Aziz, professeur et membre du front uni des immigrations et des quartiers populaires. © LF
Enseignant dans un collège marseillais, il ne sait pas encore s’il retournera voter au second tour. « Marine Le Pen c’est la mort subite, Macron la mort lente, C’est la grande question, je verrai au dernier moment. Notre préoccupation première, c’est notre bataille de tous les jours dans les quartiers, contre les violences policières, contre l’impunité dont jouissent les policiers. C’est une des raisons pour lesquelles les gens pètent les plombs, alors il faut y mettre fin. Bien sûr le gouvernement a une influence sur les conditions de lutte, mais l’essentiel c’est la lutte. Marine Le Pen veut une présomption de légitime défense, le gouvernement Hollande a fait la même chose (en votant une loi élargissant les conditions de tir des policiers, ndlr), c’est la même logique. Ok, nous les Arabes, serons les premiers visés si elle arrive au pouvoir, mais nous sommes déjà les premiers visés depuis longtemps. La déchéance de nationalité, la stigmatisation au quotidien, c’est du racisme d’État. Ce sont des lois qui visent une partie de la population, qui montrent du doigt. Si aujourd’hui dans les quartiers populaires, les gens s’autodétruisent à travers la drogue, la survie comme ils peuvent, c’est parce que tout l’espoir mis dans les politiques a disparu. Les gens sont blasés, ils deviennent nihilistes.

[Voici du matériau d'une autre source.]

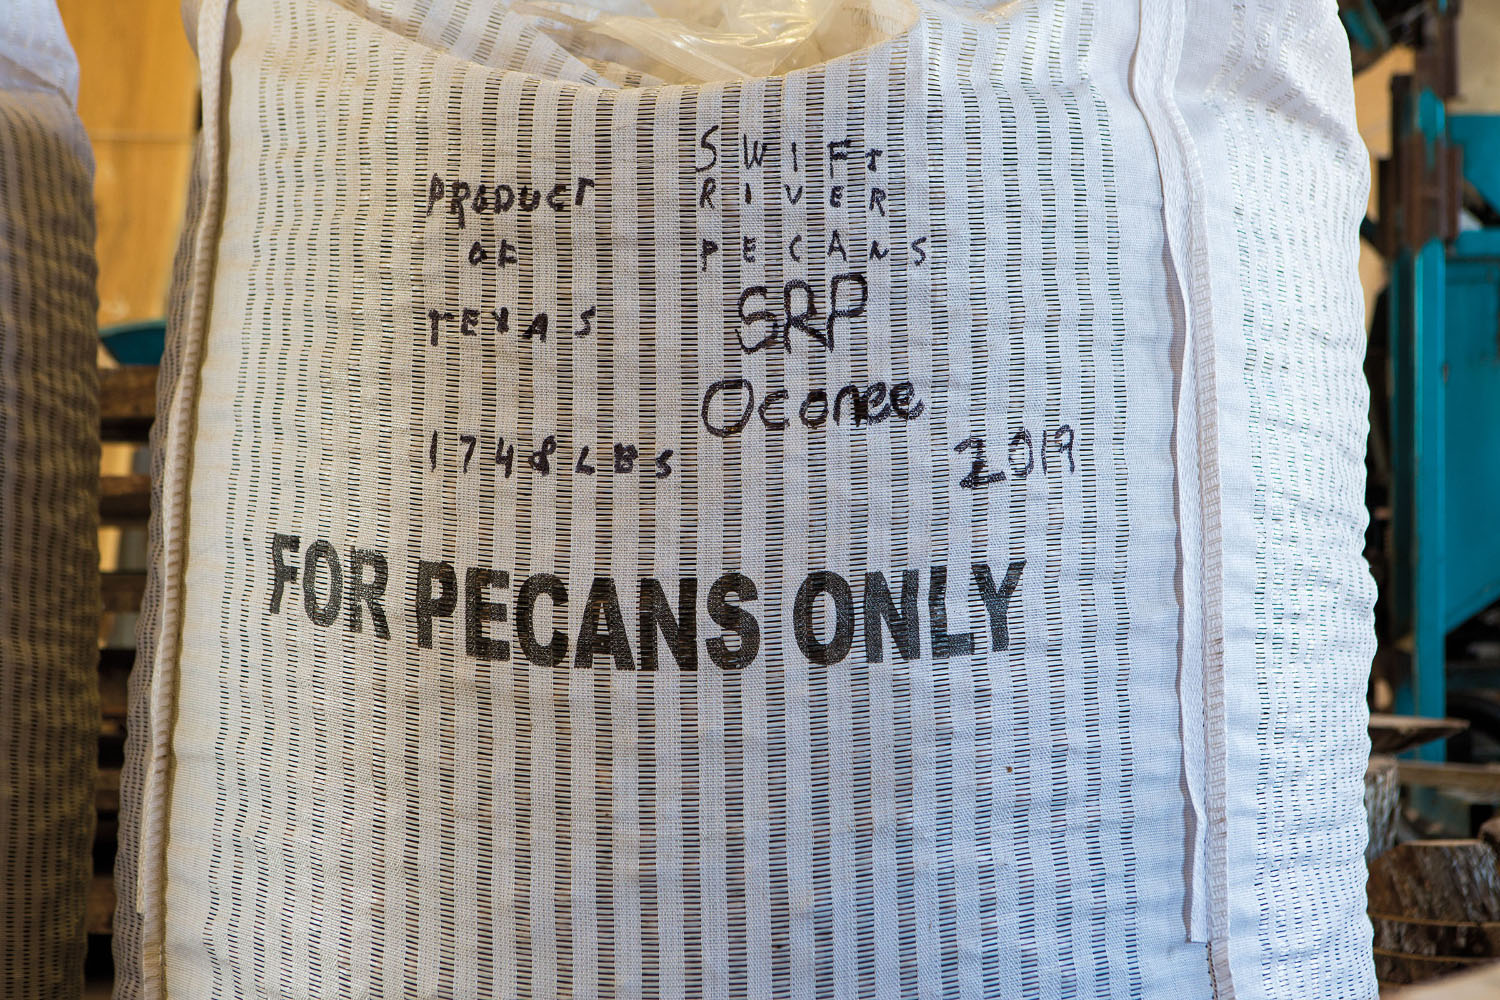 A white bag labeled "FOR PECANS ONLY"

Moi je n’y crois plus depuis que le gouvernement Mauroy, un premier ministre socialiste, a désigné des ouvriers maghrébins de Peugeot Talbot comme alliés au Shah d’Iran parce qu’ils étaient en grève. »

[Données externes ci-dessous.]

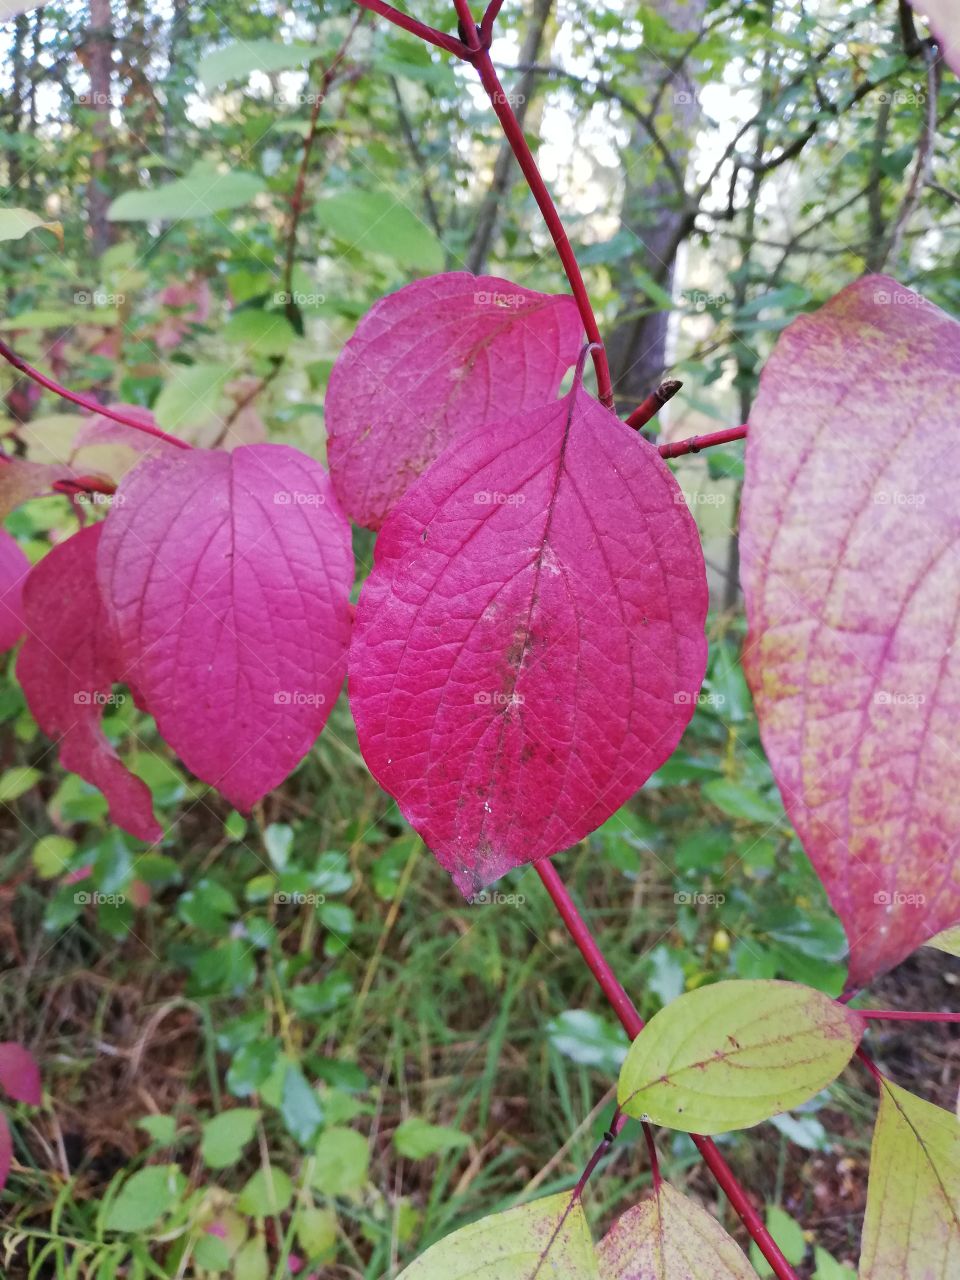 In the Autumn the shrub of dogwood is changing its color from green to pink. The leaves are complete, one in the front is a little bit damaged and dried. In the background trees and sky visible.

À ses côtés, Messaouda, 52 ans, militante depuis un an, ne vote plus depuis le référendum sur le traité européen et l’enjeu du 7 mai n’y changera rien. « Tous les mains, je me réveille avec cette idée (d’une Le Pen présidente, ndlr), je n’arrive même pas à y réfléchir, ça me tétanise, lâche cette formatrice en Fleu (français langue étrangère). Après coup, j’ai regretté d’avoir voté Chirac contre Le Pen en 2002. Ce n’est pas que je n’ai pas peur, au contraire. Ce retour de l’identité nationale, on l’a déjà vécu sous Sarkozy. Et pas que nous les Rebeu, aussi des gens de l’Est, des Français d’ici avec des noms à consonance étrangère. Mais je n’adhère pas au système. »

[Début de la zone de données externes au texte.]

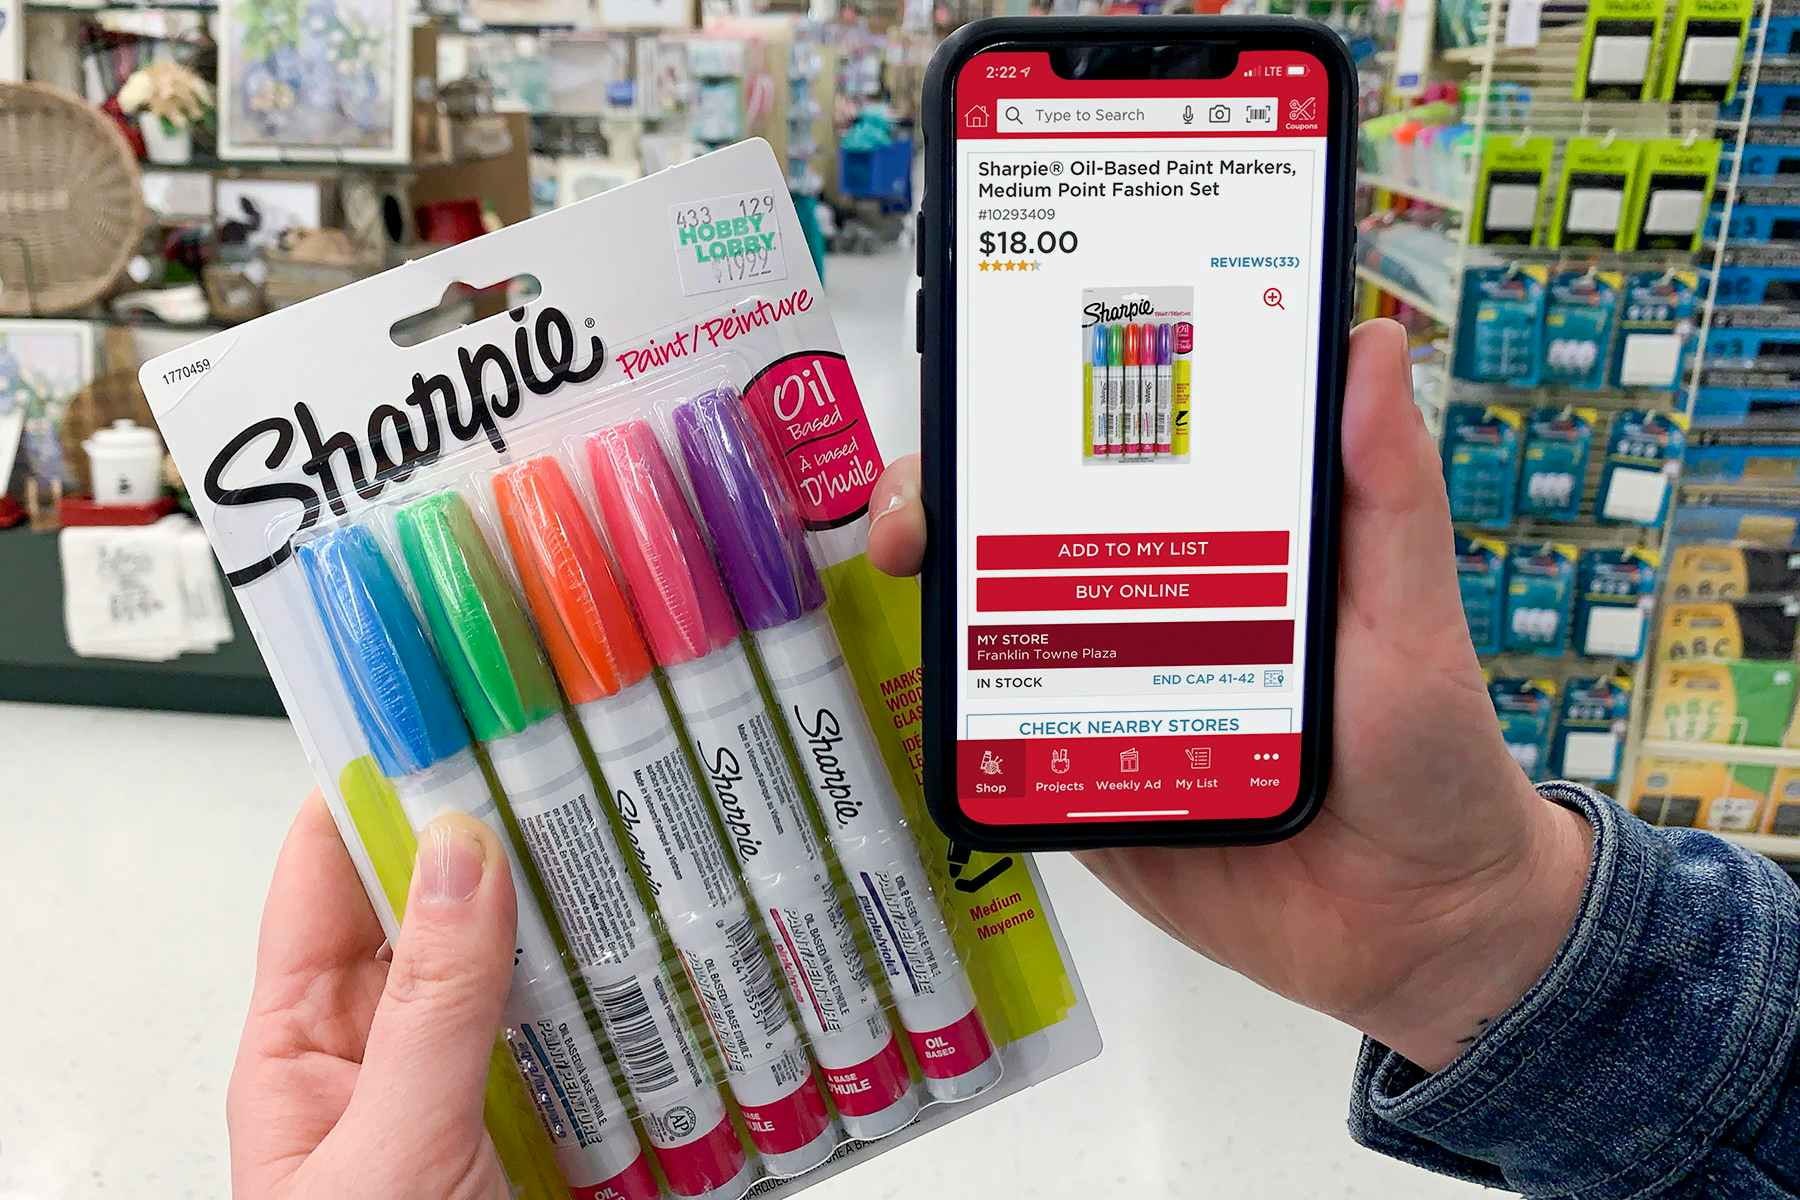 A cell phone showing the price of Sharpie Paint pens at Michaels with a pack of the same paint pens, featuring a higher price at Hobby Lo...

L'opposition à la loi travail a forgé des politisations et des amitiés chez les lycéens. Margot et Maïa, 16 ans, look de punk soigné, se sont rencontrées lors de la mobilisation contre la loi travail devant le commissariat de Noailles. « Macron ou Le Pen, c’est le choix entre le sida et le cancer », lance Margot, lycéenne à Saint-Charles, le gros lycée du centre-ville, qui se réjouit de ne pas avoir à trancher. Béret, foulard rouge autour du cou, et épingle à nourrice à l’oreille, Maïa aurait voté Macron « parce que c’est quand même le pays des droits de l’homme » et que le « droit de manifester est capital ». Mais elle a toujours en tête les 24 heures de garde à vue réalisées en septembre 2016 à l’issue d’une manifestation et les insultes racistes de policiers. « J’ai été arrêtée devant le comico de Noailles, les flics m’accusaient d’avoir tagué une voiture de police, raconte-t-elle. Ils m’ont plaquée au sol de dos, ma tête s’est ouverte, puis ils m’ont tirée par les cheveux jusqu’à la voiture et m’ont mis de bonnes patates. En garde à vue, ils m’ont traitée de « bouche à sperme de négro » et de « salope qui défend les bougnouls qui la fracassent ». Aucune ado de 15 ans ne devrait avoir à subir des violences policières. C’est quand même la loi El Khomry qui m’a lancée dans les manifs. »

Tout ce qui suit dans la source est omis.